所以，如果你只能使用一个xpath表达式来提取整个句子，那就是“你是傻瓜！我是超人！”

更不走运的是，在上面的html脚本中，它是“<font>”标签，但在我的其他脚本中，还有许多其他标签，例如：

提取“嗨女孩我爱你！”在以下脚本中： <div style="clear:both" id="novelintro" itemprop="description">hi girl<legend >I love you!</legend></div>

提取“如果我嫁给你的母亲，那我就是你的父亲！
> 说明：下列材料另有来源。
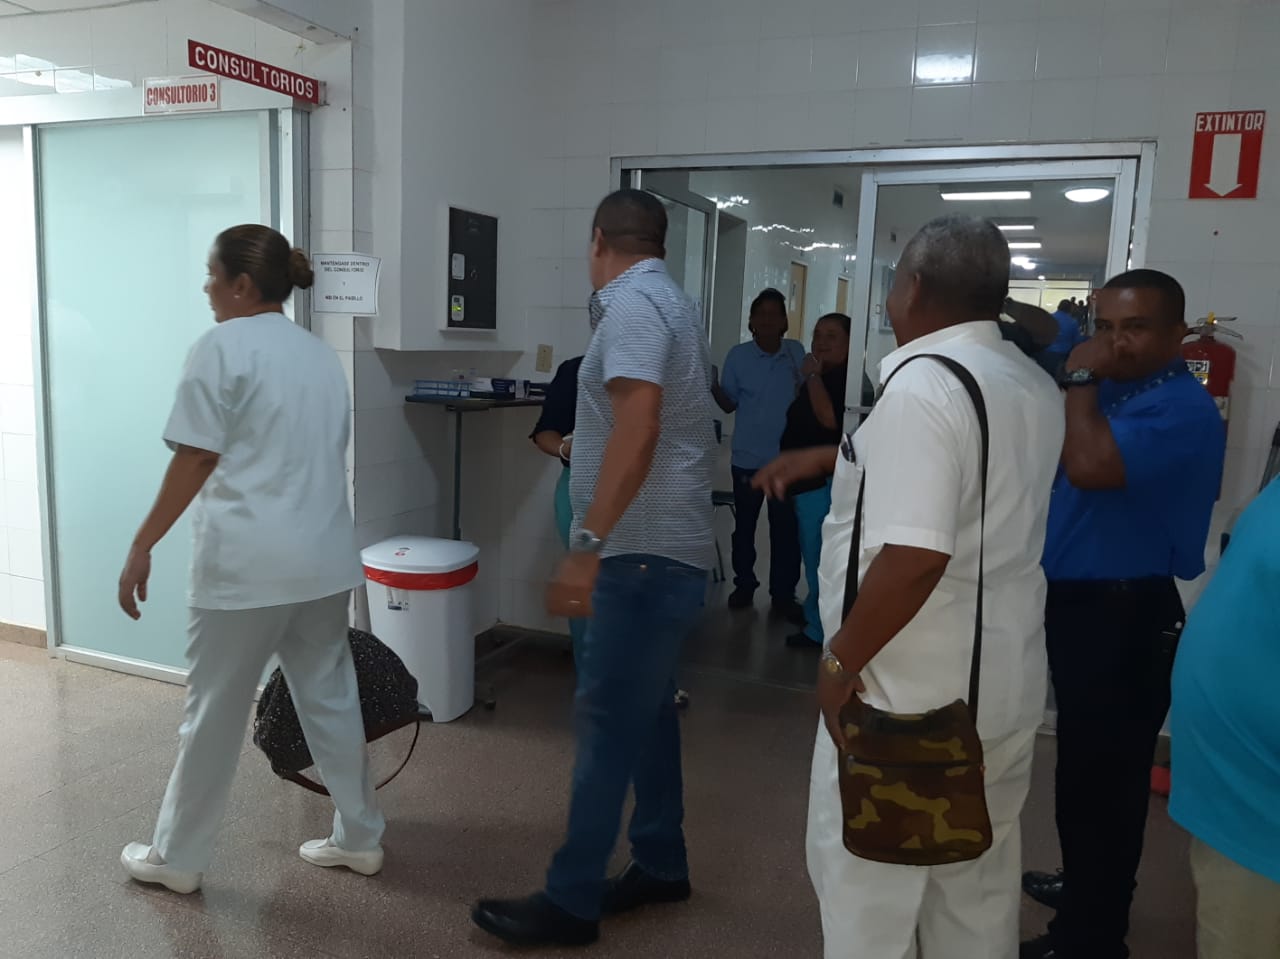 Las autoridades mantiene una estricta vigilancia rn rl área hospitalaria donde varias personas están en cuarentena.  FOTO/Melquiades Vázques

”在以下脚本中：

<div style="clear:both" id="novelintro" itemprop="description">If I<legend > marry your mother<div>then I am your father!</div></legend></div>

如果你只能使用一个xpath表达式来调整所有的html脚本吗？

Answer 1

如果您的文件是：

<outer>This is outer text.<inner>And this is inner text.</inner>More outer text.</outer>

并使用xpath表达式：/outer//text() （阅读：下面的任何文字＆＃39;外部＆＃39;），结果是一个类似的列表：

This is outer text. ----------------------- And this is inner text. ----------------------- More outer text.

Answer 2

您可以使用XPath的string()函数，该函数以递归方式将单个节点转换为字符串（可选.引用当前节点）：

from scrapy.selector import HtmlXPathSelector

def node_to_string(node):
    return node.xpath("string(.)").extract()[0]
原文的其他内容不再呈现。